Re: Starting on the Museum exhibits, ending on them.
My school didn't buy its first computer until the year after I left
Mine had a link to the Barnet Council Burroughs mainframe - but I didn't get to use it because I didn't do the IT A level (becuase I hadn't done the O level - even me pointing out that I built my first computer at age 12 and was programming in hex[1] thereafter didn't get me into the A level).
However, I did get to use the BBC Micro machines that our forward-looking maths teacher had bought out of her budget and installed at the back of her classroom. Out of lesson hours, they were free for any pupil to muck about with.

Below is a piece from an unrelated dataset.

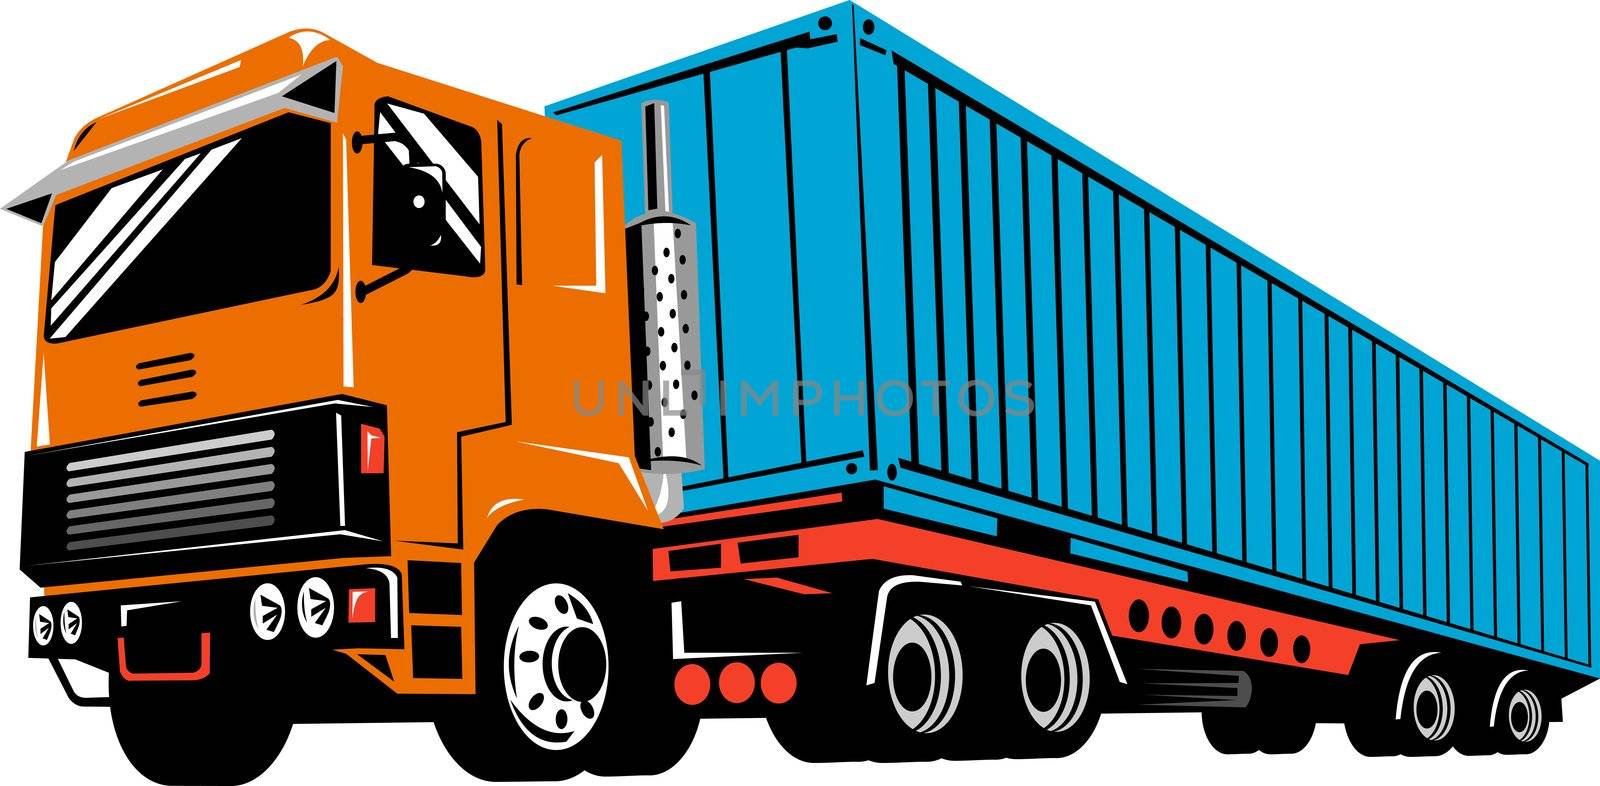 truck lorry retro by patrimonio

Which is why the first pre-assembled computer I bought[2] was a BBC Micro. Followed by buying a Watford ADFS board and sideways RAM/ROM card (which I then upgraded with a read/write switch to cope with those pesky ROM images that would try to self-corrupt..).
[1] No assembler - we didn't buy the Zeap Assembler until later. Before then it was hand-assembly all the way. Good old Nascom 1.
[2] Technically, my parents bought it. But it was mine dammit! And I paid[3] for the scorchingly-fast 12/75 non-autodial modem that I used to run up my parents phone bill by making calls to the Almac BBS in Scotland..
[3] Well, *technically* my brother bought it since he worked for a GEC company at the time. But he didn't seem to ever use it so it ended up as mine. Possession and 9/10ths and all that.